___ SUPPLIED DATA ___

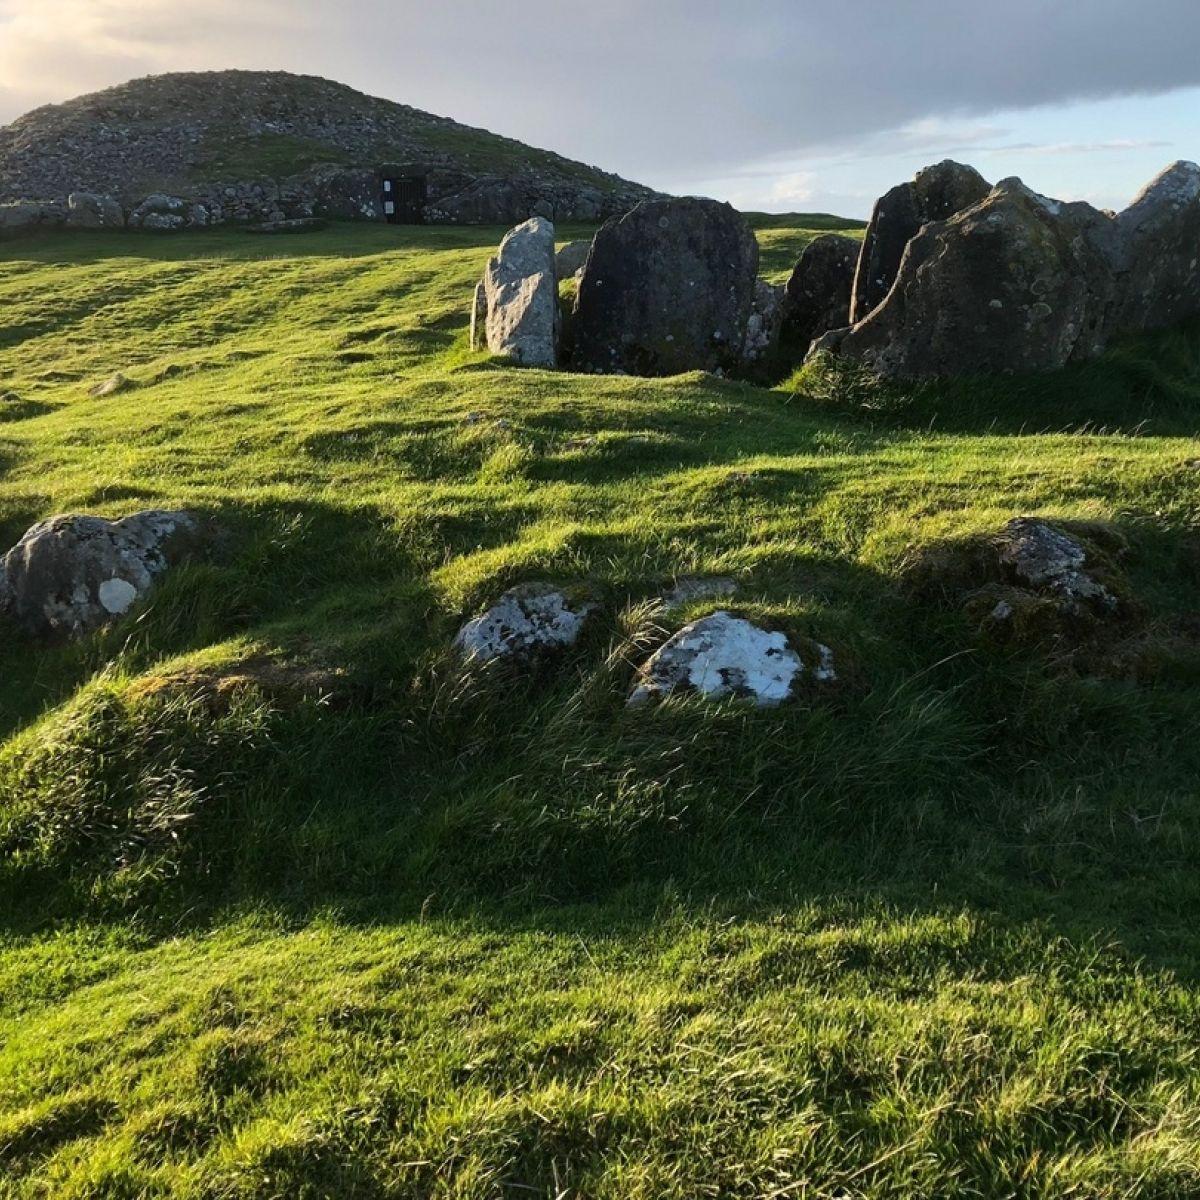 The 10 best hotels & places to stay in Navan, Ireland - Navan
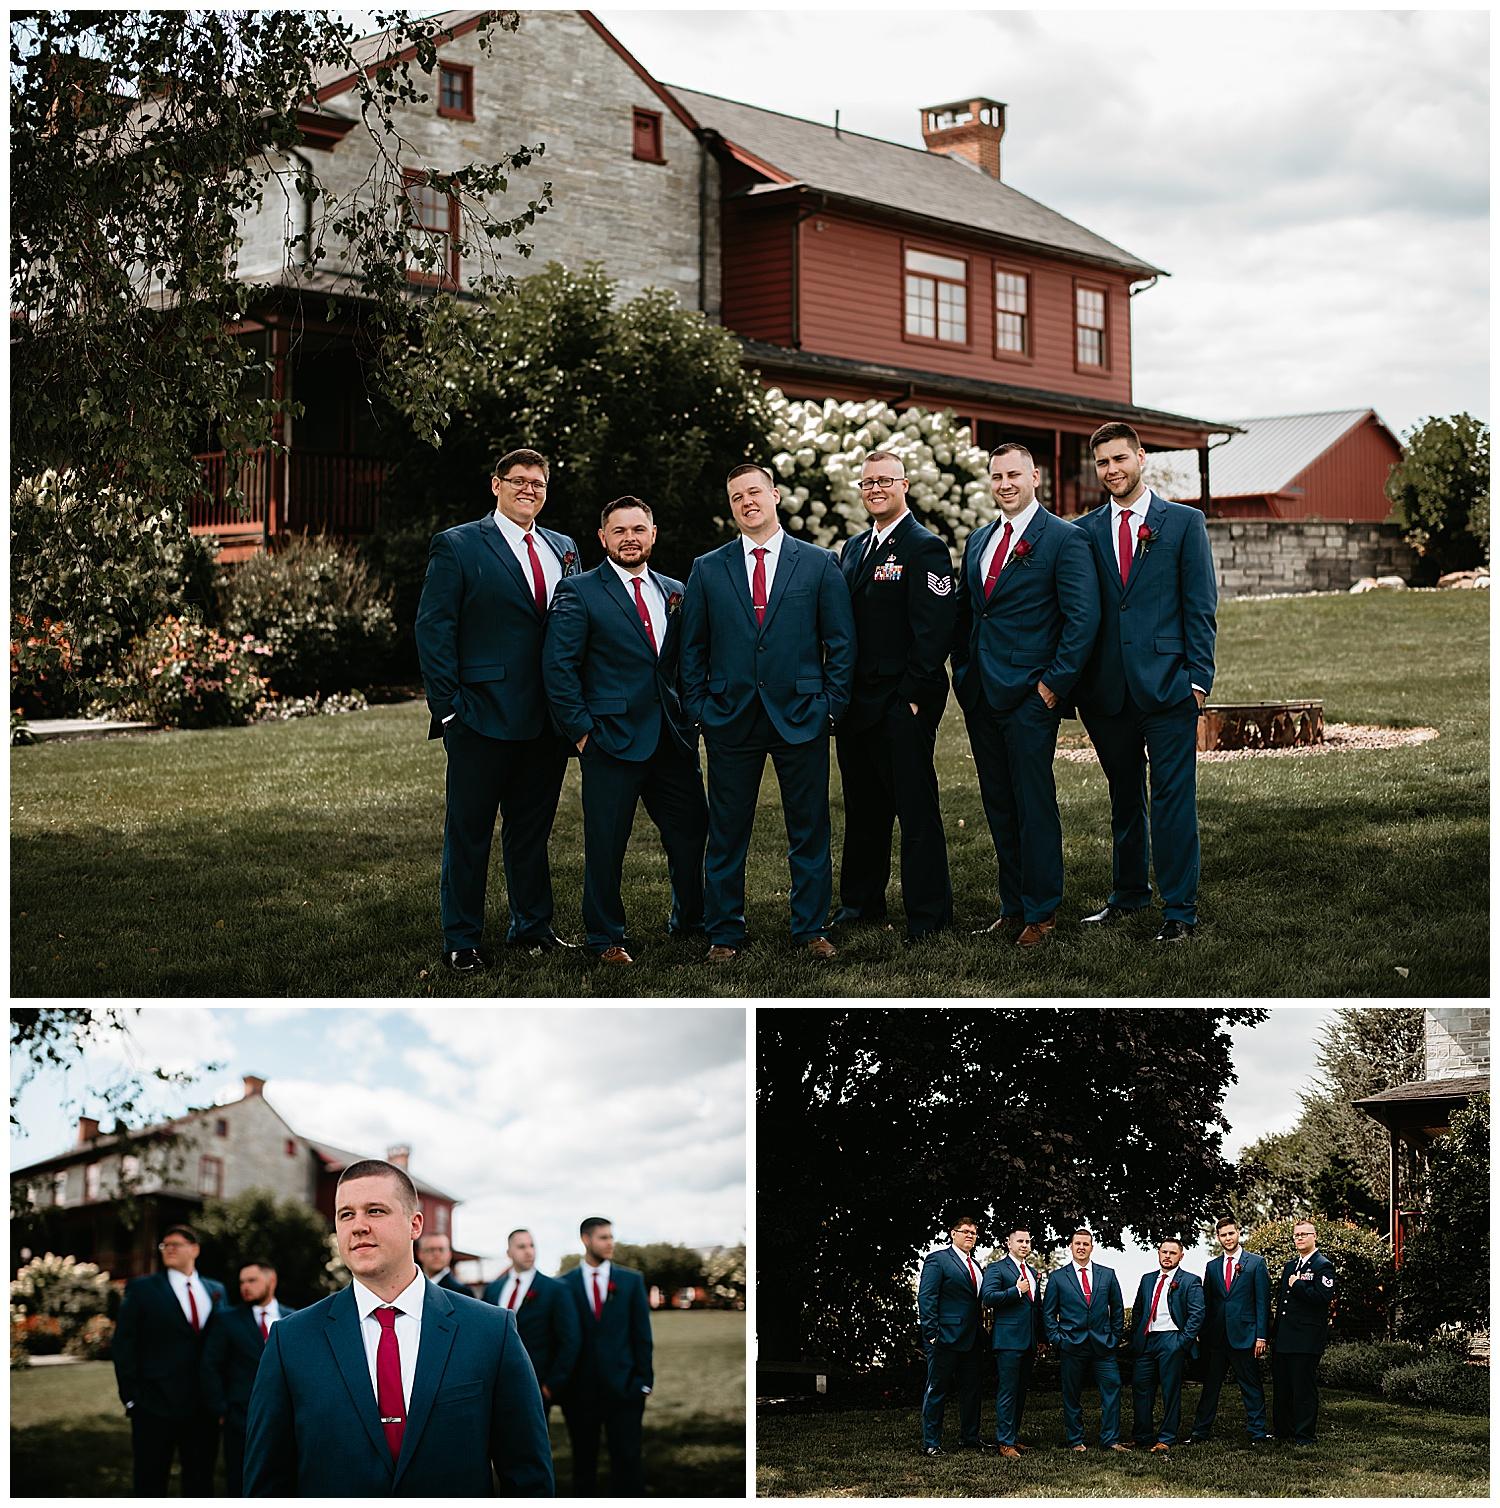 NEPA-Bloomgsburg-Wedding-Photographer-at-The-Barn-at-Greystone-Farms-Watsontown-PA_0050.jpg
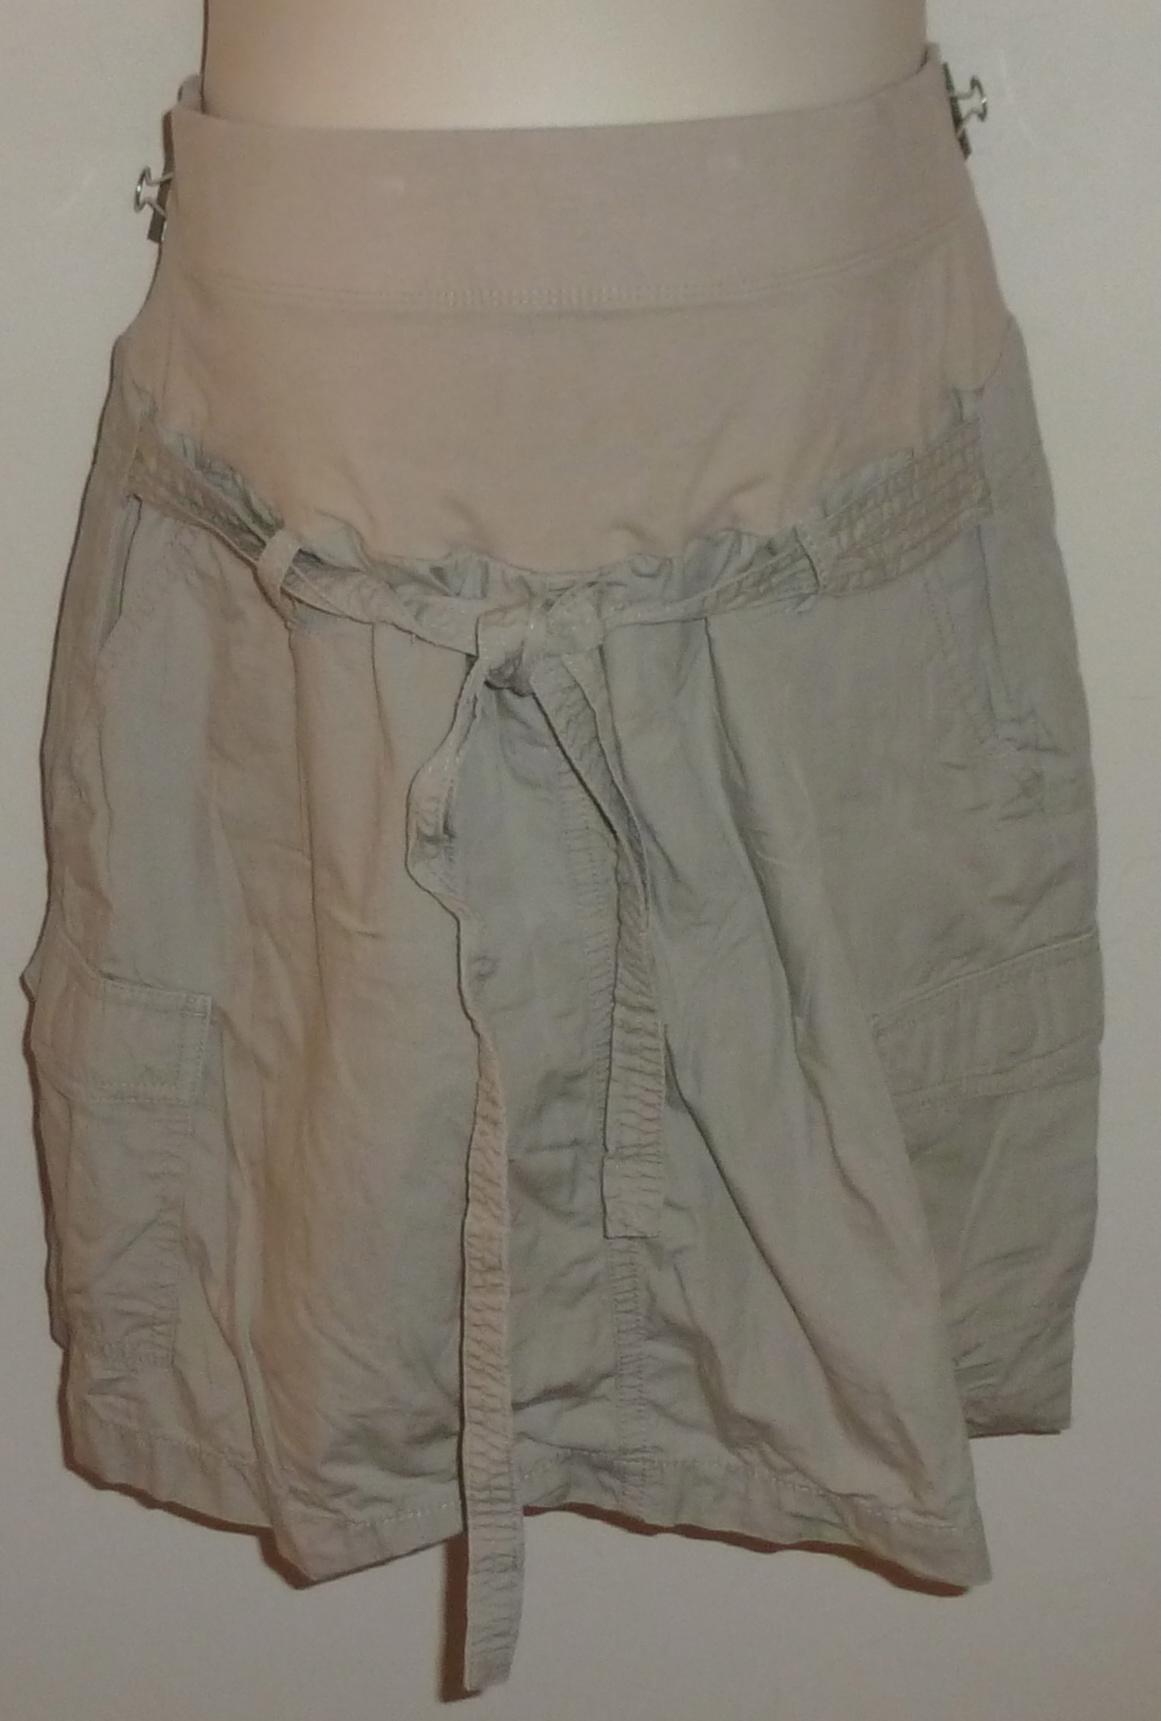 f5d5433ce8e24 Khaki Skirt-Oh Baby By Motherhood Size Medium S713 on Storenvy
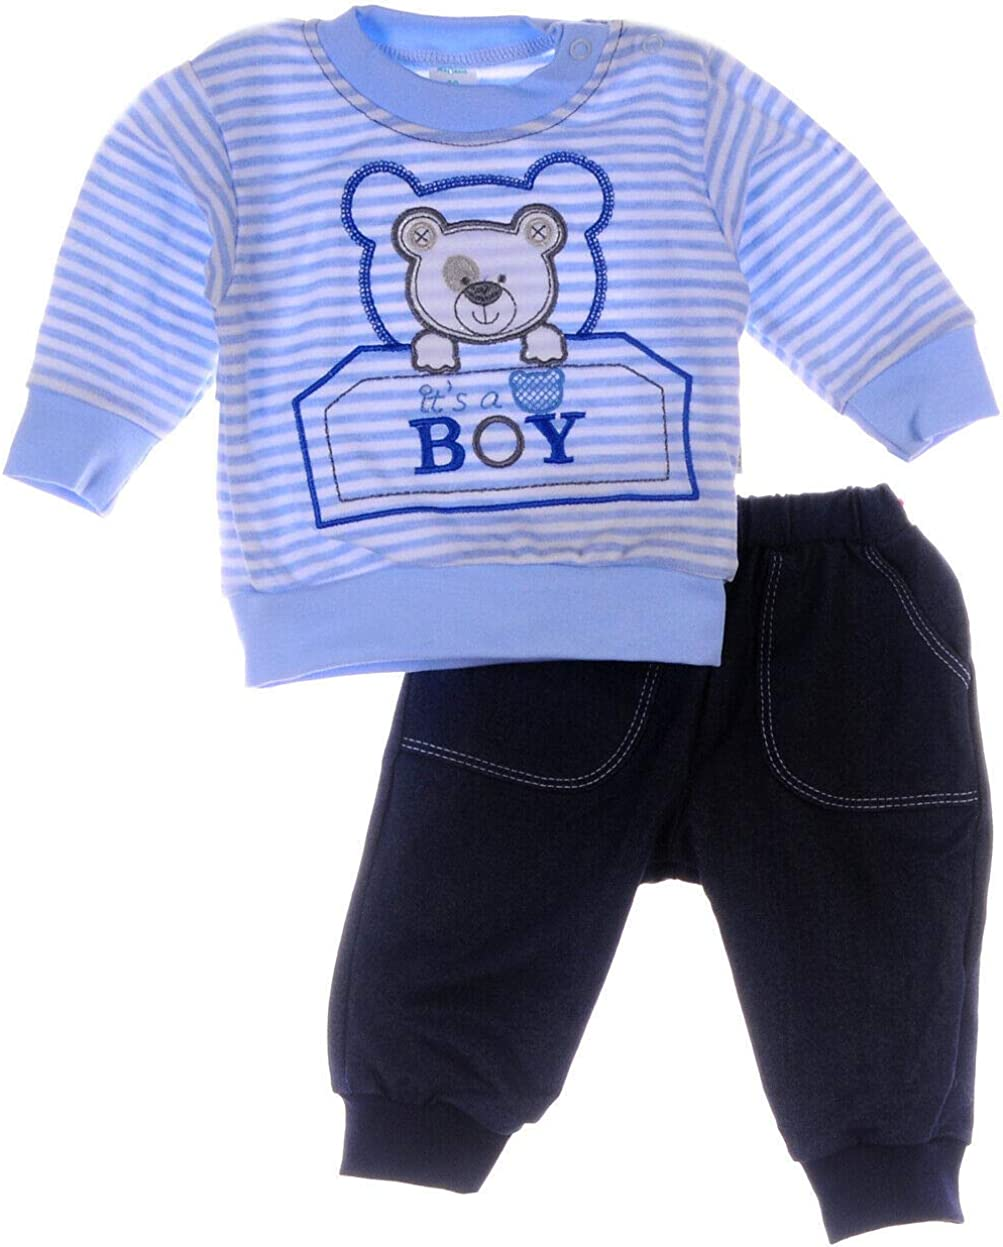 Anzug Pullover Hose Baby Set 62 68 74 80 86 Shirt Jogginganzug Kombi Zweiteiler
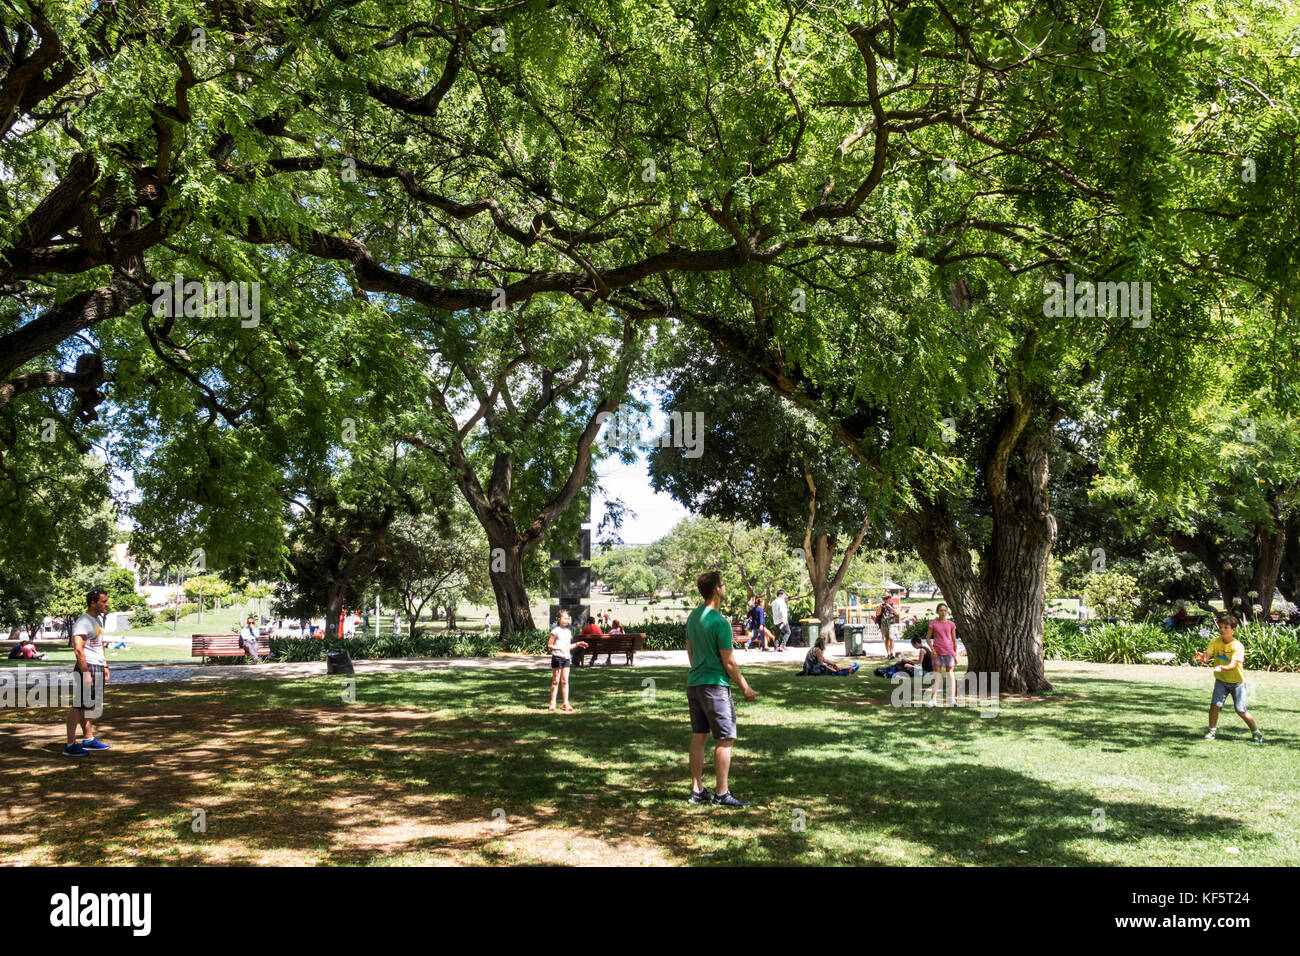 Lisbon Portugal Belem historic district Jardim Vasco da Gama urban park lawn trees man boy girl Hispanic family - Stock Image

___

AIM OF THE TASK
Copy all records exactly, no images.

COMPLETED TASK
 The 10 best hotels & places to stay in Navan, Ireland - Navan
 NEPA-Bloomgsburg-Wedding-Photographer-at-The-Barn-at-Greystone-Farms-Watsontown-PA_0050.jpg
 f5d5433ce8e24 Khaki Skirt-Oh Baby By Motherhood Size Medium S713 on Storenvy
 Anzug Pullover Hose Baby Set 62 68 74 80 86 Shirt Jogginganzug Kombi Zweiteiler
 Lisbon Portugal Belem historic district Jardim Vasco da Gama urban park lawn trees man boy girl Hispanic family - Stock Image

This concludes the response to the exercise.